Basic Form. Broad Form. Special Form. What do these terms mean? Is there a difference between them? Absolutely. If you are ignoring these terms when you are reviewing a lease or purchasing insurance coverage, you are at risk of obtaining the wrong kind of property insurance or insufficient coverage.
Who is Covered
Property insurance is coverage for the owner of property and will compensate the owner for any loss, damage, or destruction resulting from a covered peril. Unlike other forms of insurance (commercial general liability (CGL) insurance, for one), additional insureds cannot be added to property insurance.
Type of Coverage
- Basic Form – covers basic perils, including fire, lightning, explosions (but not boilers), windstorms, hail, smoke, vehicles (but not the insured's vehicles), riots or civil commotions, vandalism (but not glass breakage or theft), sprinkler leakage, sinkhole collapse, and volcanic action (but not earthquakes).
- Broad Form – covers those perils included in the Basic Form, plus glass breakage, falling objects, weight of snow, ice, or sleet, some water damage, and certain kinds of collapse.
- Special Form – covers any cause of loss, except those that are specifically excluded in the policy. Some typical exclusions include earth movement, nuclear hazards, flood, wear and tear, settling, insects, birds, rodents, mechanical breakdown, and war and military action. "Special Form" coverage was previously referred to as "All Risk" insurance.

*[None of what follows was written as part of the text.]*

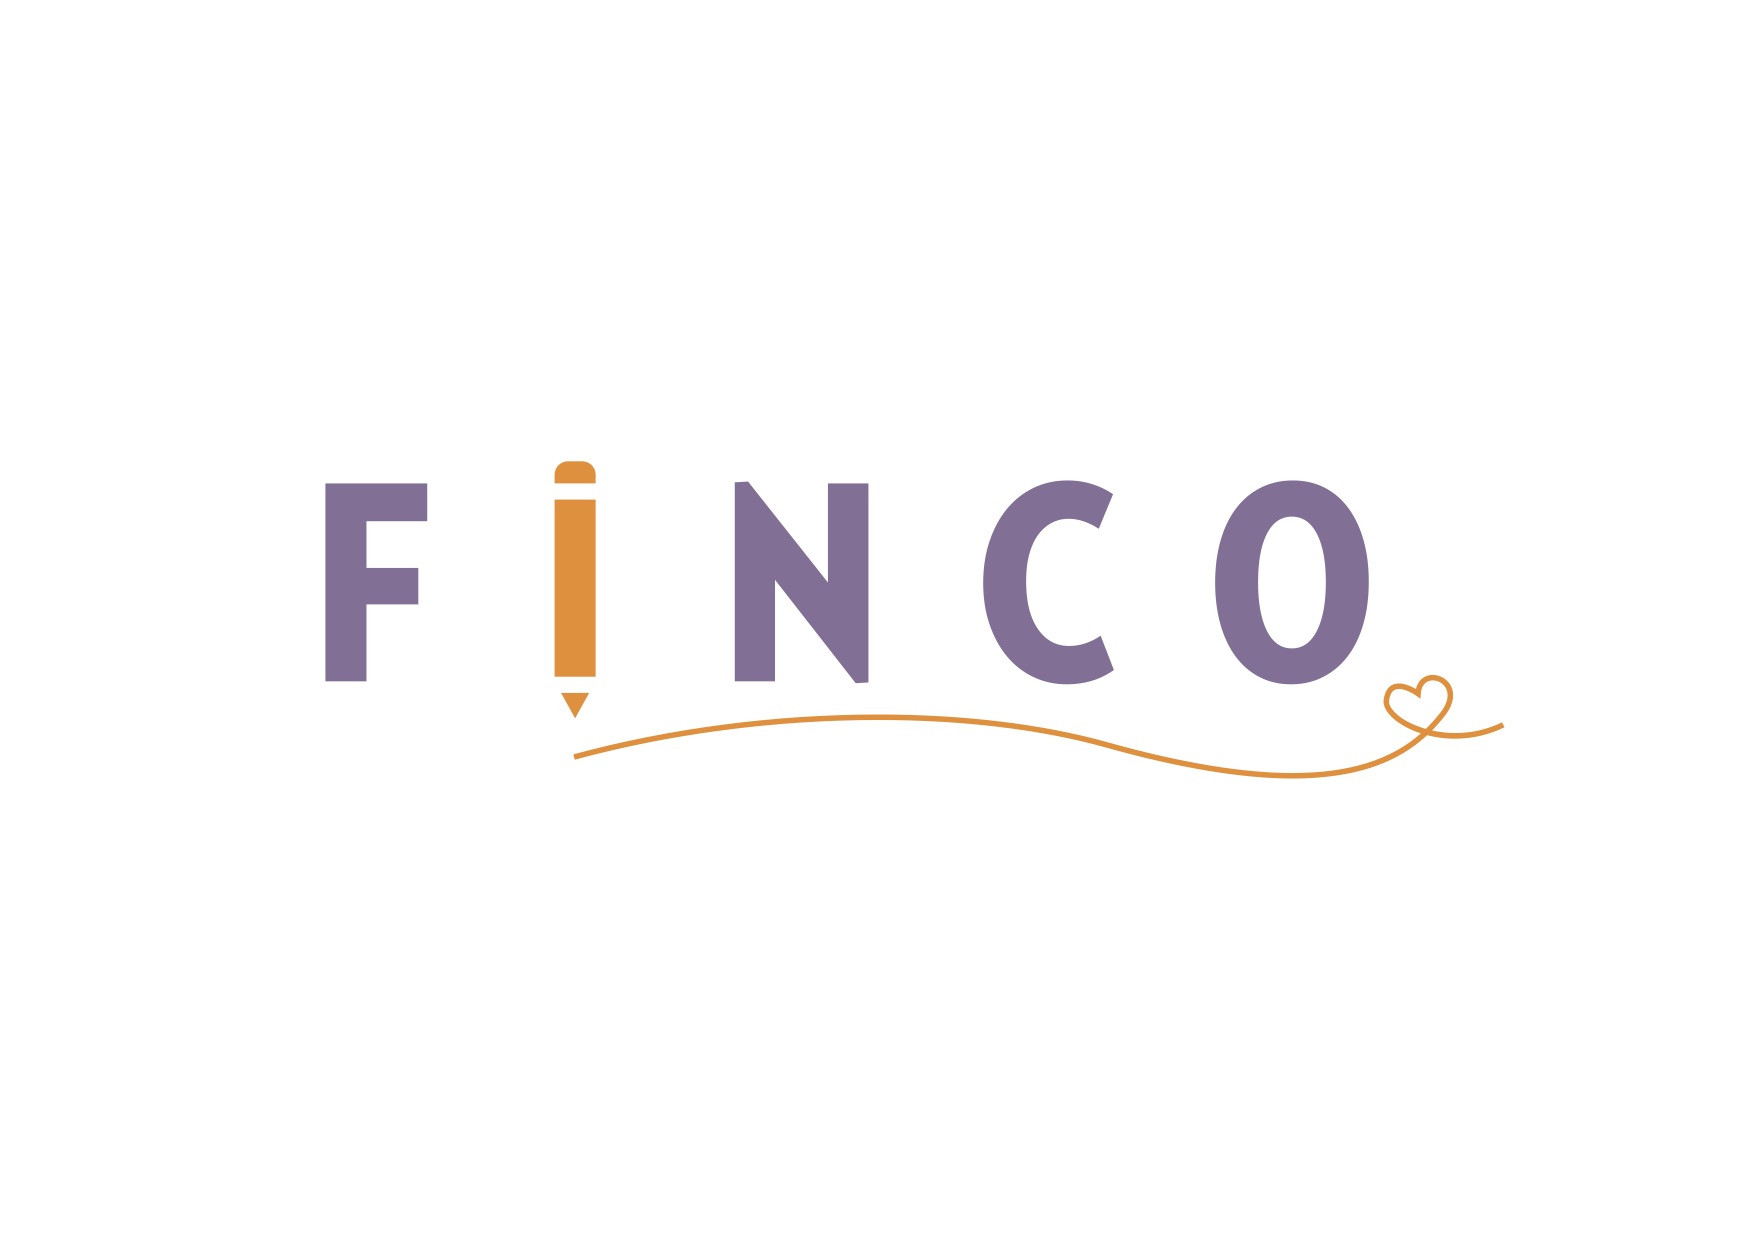 FINCO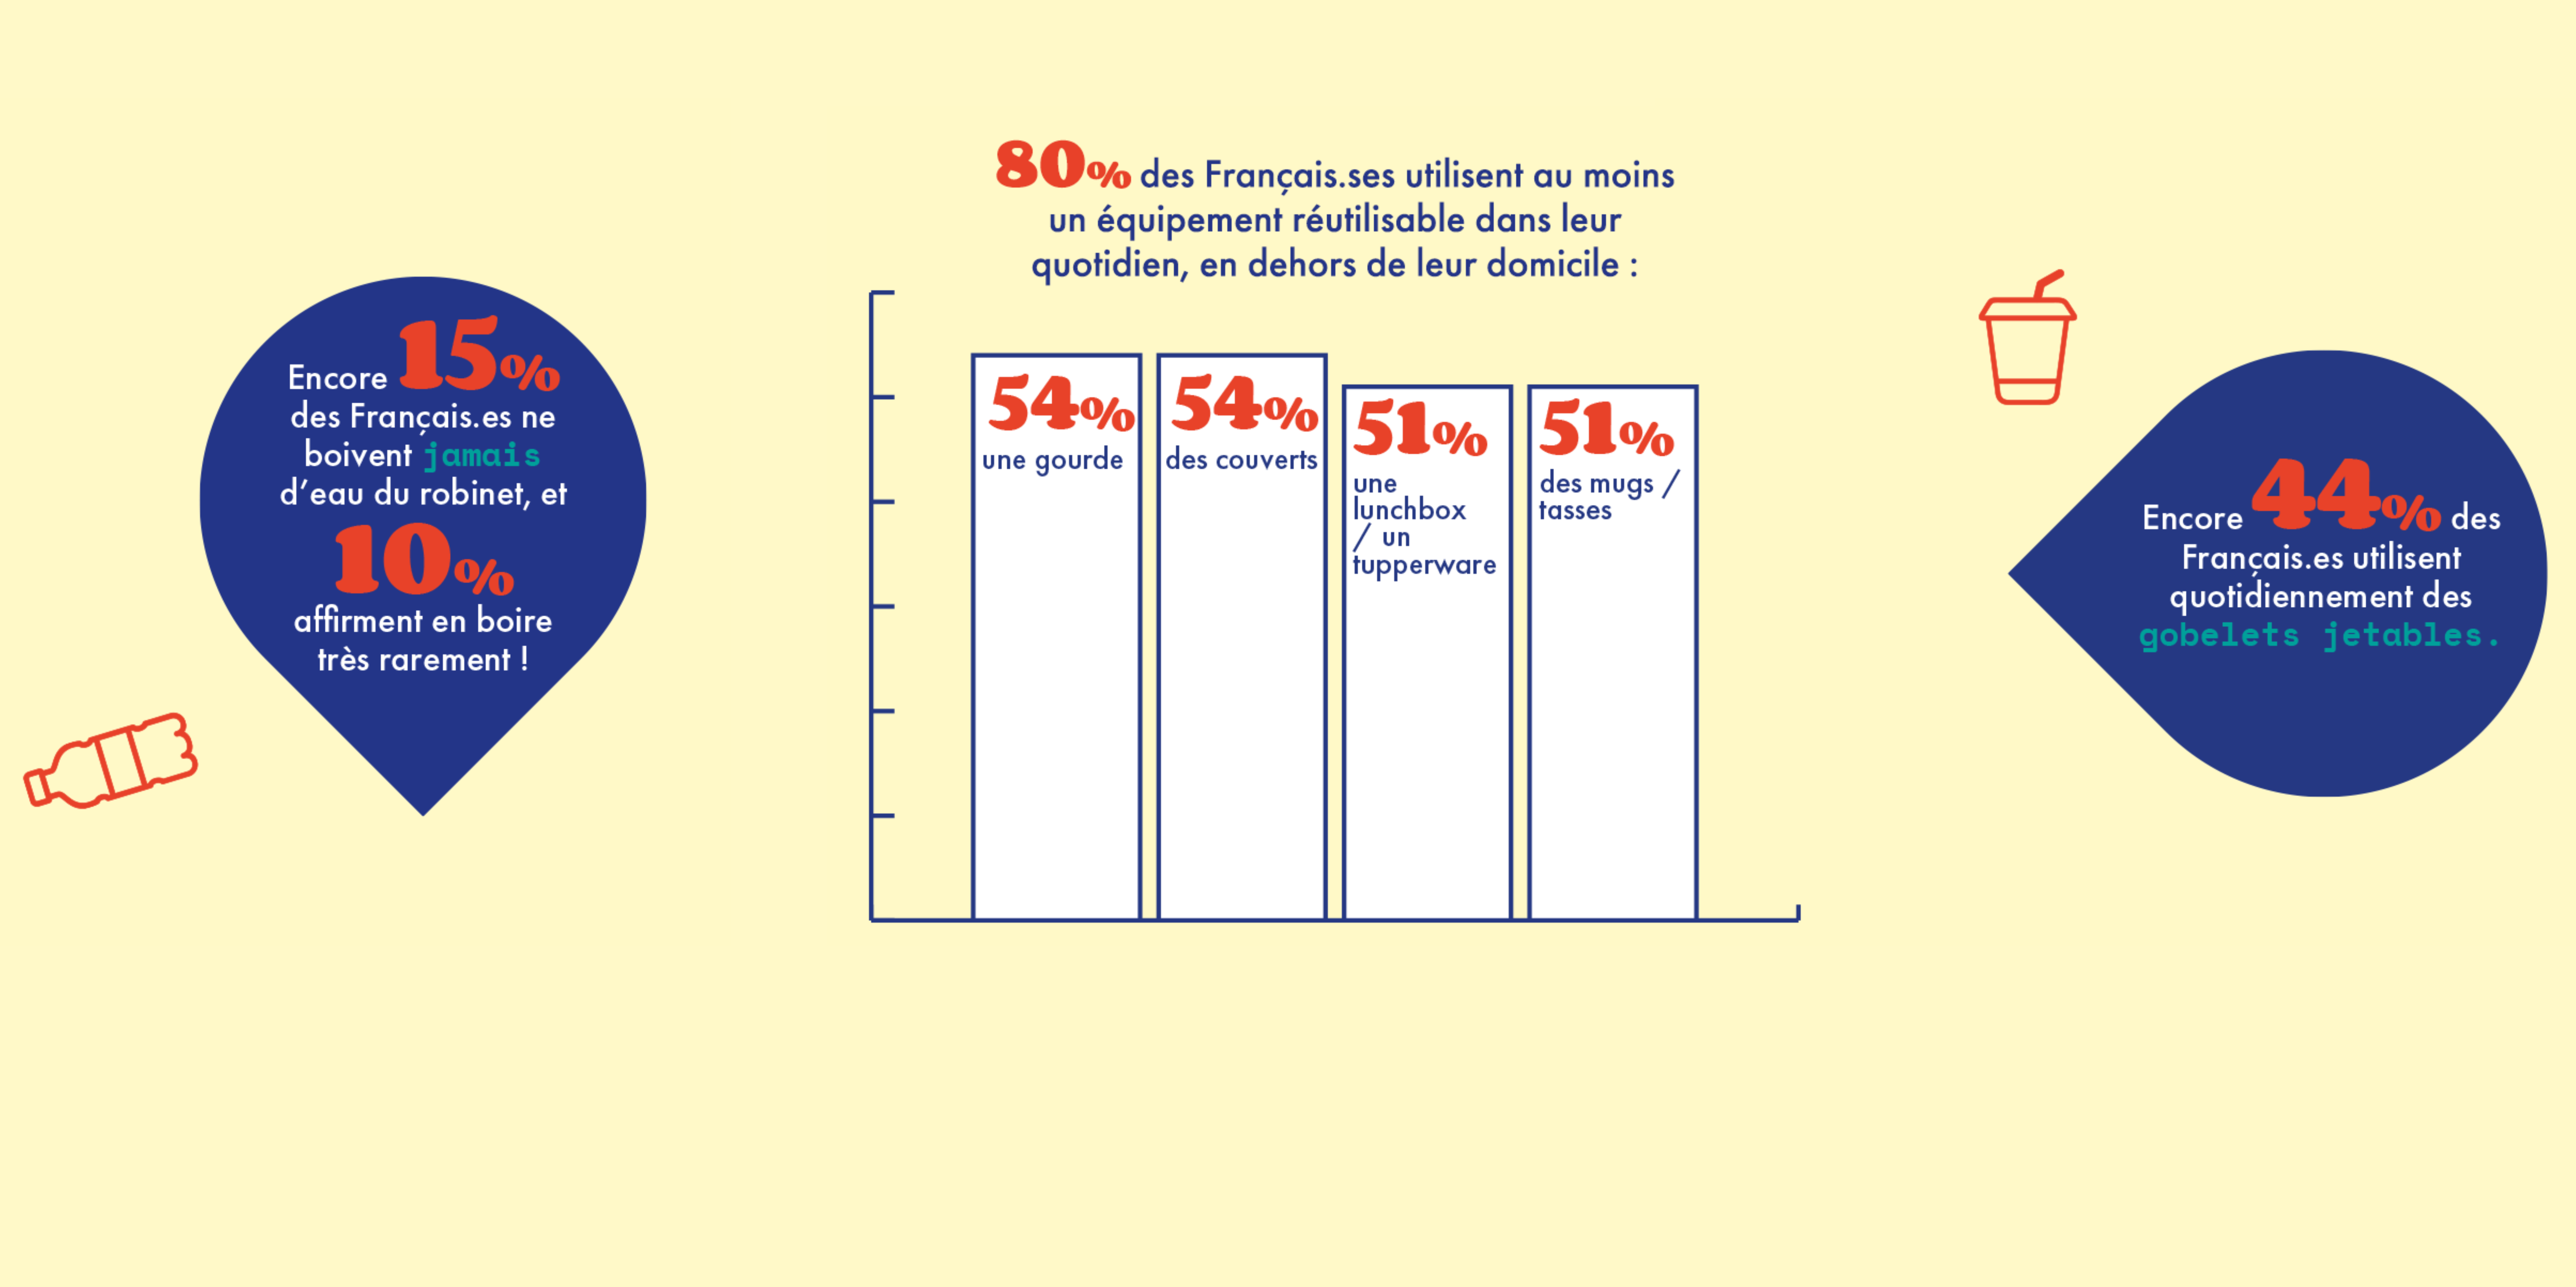 80% des Français.ses utilisent au moins un équipement réutilisable dans leur quotidien, en dehors de leur domicile :

This term is no longer used by insurance companies and should be removed from your leases.
Amount of Recovery
- Actual Cash Value – the value calculated by subtracting depreciation from replacement cost of the property.
- Replacement Cost – the value calculated by determining the cost to replace the old property with new property of like kind and quality with no deduction for depreciation. This is the most common coverage requested by owners and is generally more expensive to obtain than actual cash value coverage.
Co-Insurance
Most forms of property insurance contain co-insurance provisions. What does this mean? This is a penalty that is incurred if the insured does not maintain adequate insurance to cover the value of the property. In the event of a loss, if the property is under-insured, any payment made to the insured is reduced in accordance with the co-insurance percentage. For instance, if the insured property has a replacement cost of $100,000 and a 90% co-insurance clause, the insured is required to obtain at least $90,000 in coverage or the penalty will be applied.
An owner should be careful to obtain the insurance sufficient to cover the value of the property in order to avoid application of the co-insurance penalty. In the alternative, the insured and the insurance company can stipulate to an agreed amount (i.e., value) of the property. If this "agreed amount" endorsement is obtained, then the co-insurance provisions will not apply. However, an owner should be cautious in obtaining this endorsement. While stipulating to an agreed amount may avoid the co-insurance penalty, the agreed amount may not be enough insurance coverage to replace the property in the event of a loss.
Waivers of Subrogation
Waivers of subrogation rights are commonly required in leases, and they are usually mutual (i.e., both the landlord and the tenant are waiving rights). What does this really mean? An insurance carrier normally has the right to assume the role of an insured after it pays a loss and attempt to recover from the person or party who was actually responsible for the loss. This is an insurance carrier's right of subrogation. When a lease requests that the insurance carrier waive its subrogation rights, it means that the insurance carrier is waiving the right to recover the funds paid to its insured from a third party. Will your insurance carrier let you waive these rights? Most insurance carriers will only permit their insureds to waive the right of subrogation if the waiver occurs before a loss and if the insurance carrier is notified of the waiver in advance.